Jake's never slept well--we get a very occasional five or six straight hours, but most of the time he's up several times in the night, sometimes for hours, and we tag-team if it gets too bad (I recognize that's not an option for a single parent).

We put a small fridge on the nightstand, so if he's only waking to drink, we can help without really rousing ourselves much. We keep a musical keyboard in the bedroom (for some reason, Jake grooves to keyboards--not sure how our neighbors feel about that, though). Warm baths are sometimes a help. Jake also likes vibration--we find that diffusing the vibration of a small toy through a pillow or couch cushion really calms him nicely. He also calms to spinning, and when all else fails, we put him in a swivel recliner and "spin him out." When he was younger, we also did post-bath massages with a little warm oil, hoping to calm his muscles out.

We've never tried any meds, really--he has enough health issues that we'd be reluctant to mess with too much there. But we're pretty vigilant about stuff like constipation that can add to overall discomfort.

I just don't know if Jake's set up for the usual rhythms of sleeping and waking. It's possible he's sleeping as much as he needs to, and we've just got to work around that. Doesn't make the cumulative sleeplessness any easier on a parent, though, eh? You're not alone, anyway!

Jane said...

Have you ever tried the brushing that OT's do for sensory integration? There is a soft plastic brush and a certain technique you learn from an OT. Parker loved it and along with joint compression it really made a difference in his sleep. That along with letting him sleep on the floor of our room but doesn't seem to be an issue with Ashley. http://www.slc.sevier.org/sibrush.htm

Ashley's Mom said...

You guys are great! I really appreciate all the suggestions.

Mommy~dearest, Sarah and Marla, I have used a weighted vest with Ashley in the past, during the time we were working on feeding issues with her. It helped a lot then, so I will give the weighted blanket a try for bedtime.

Sarah, the book you mentioned sounds great. I am going to check my library today and see if they have a copy.

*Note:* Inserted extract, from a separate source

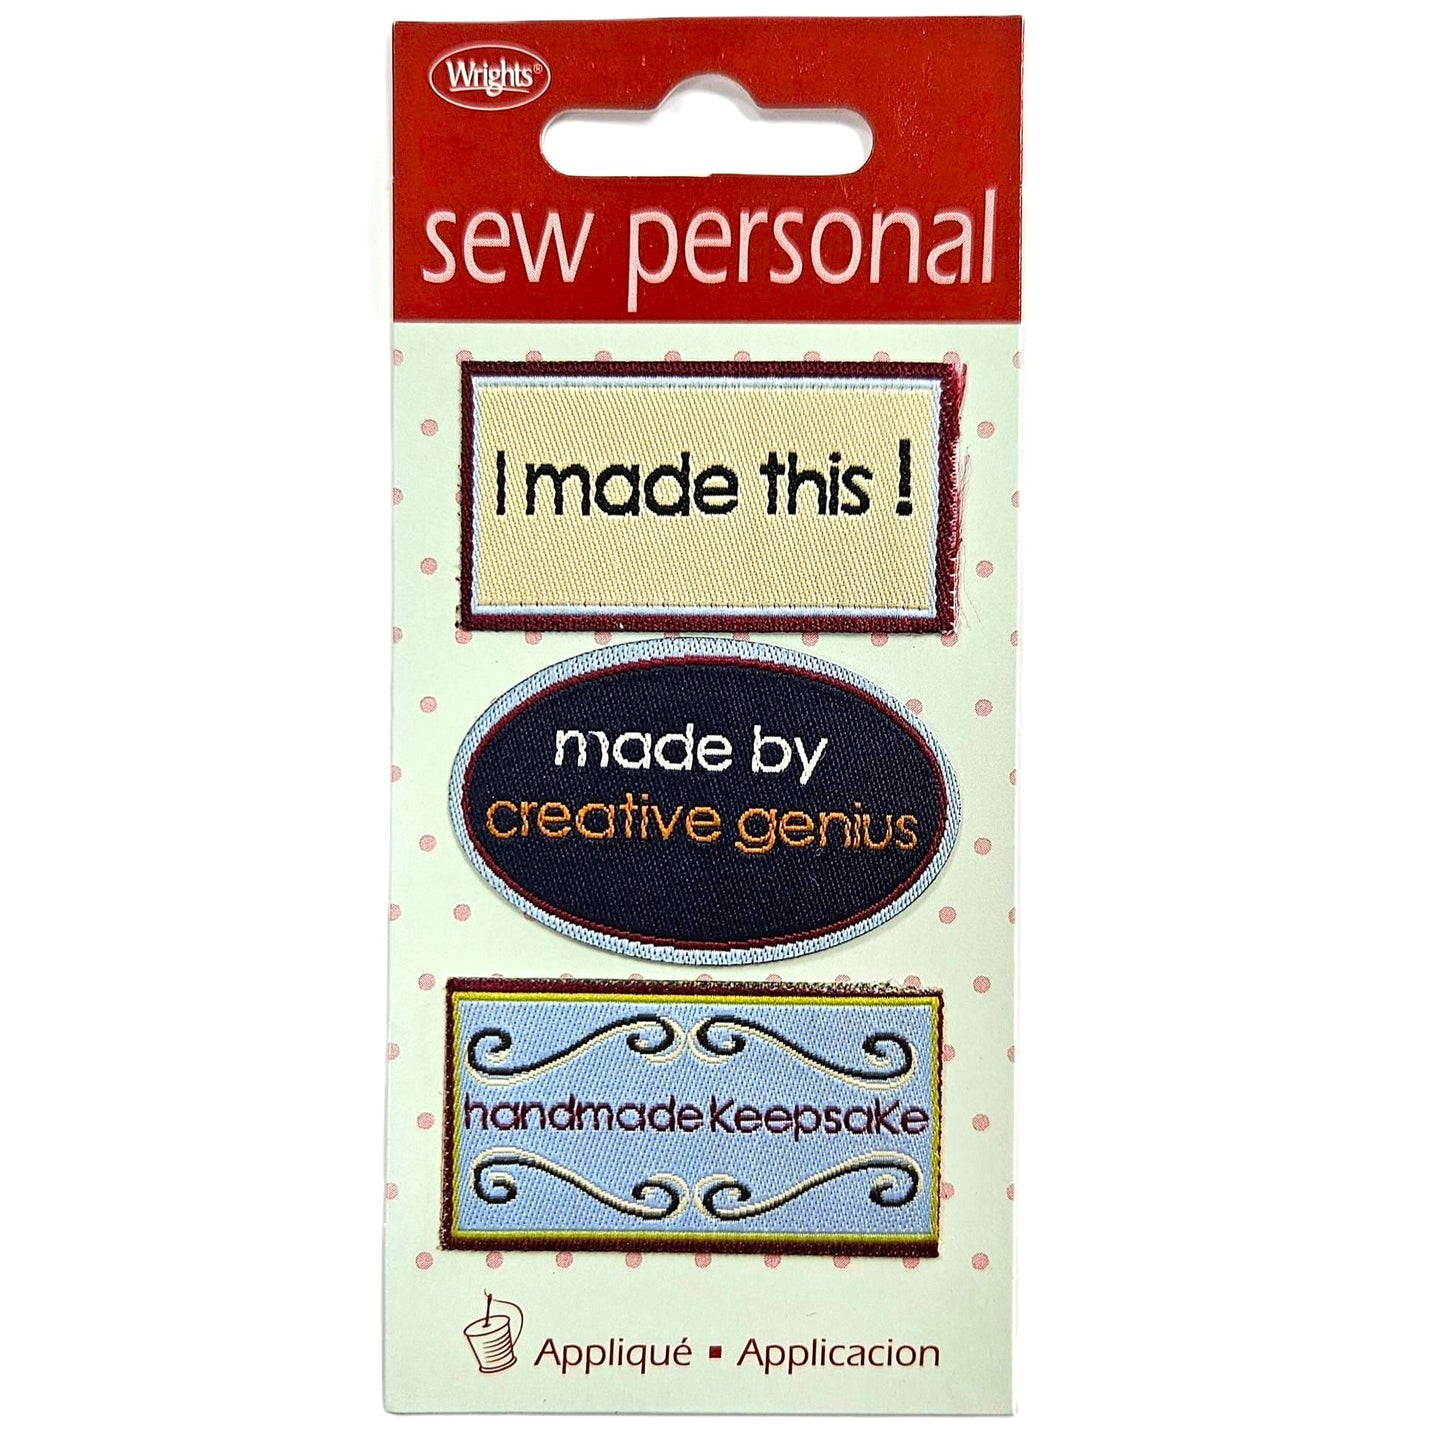 Wrights Sew Personal Iron-on Applique - I Made This

Esbee, the bed vibrator seems brilliant! I would love for it to take the place of the vibrating toothbrushes. Come payday, I am going to order one and give it a try. Thanks for the link!

Marla and Penny, I think I am close to being where you are - just accepting that Ashley's sleep patterns are set and I will need to adjust. Nursing respite, like Terena suggested, would be wonderful, but unfortunately, that is not covered under Ashley's insurance and private pay is not an option at the moment.

And Jane, the brushing helped with the feeding issues also. I think I will give it a try again along with the weighted blanket to see if addressing the sleep problems in a sensory way will help.

Thanks again, guys, for all the great suggestions. This is way I love blogging so much!


terena said...

Yep, that's one of the reasons I blog too. And I could SO USE SOME ADVICE right now!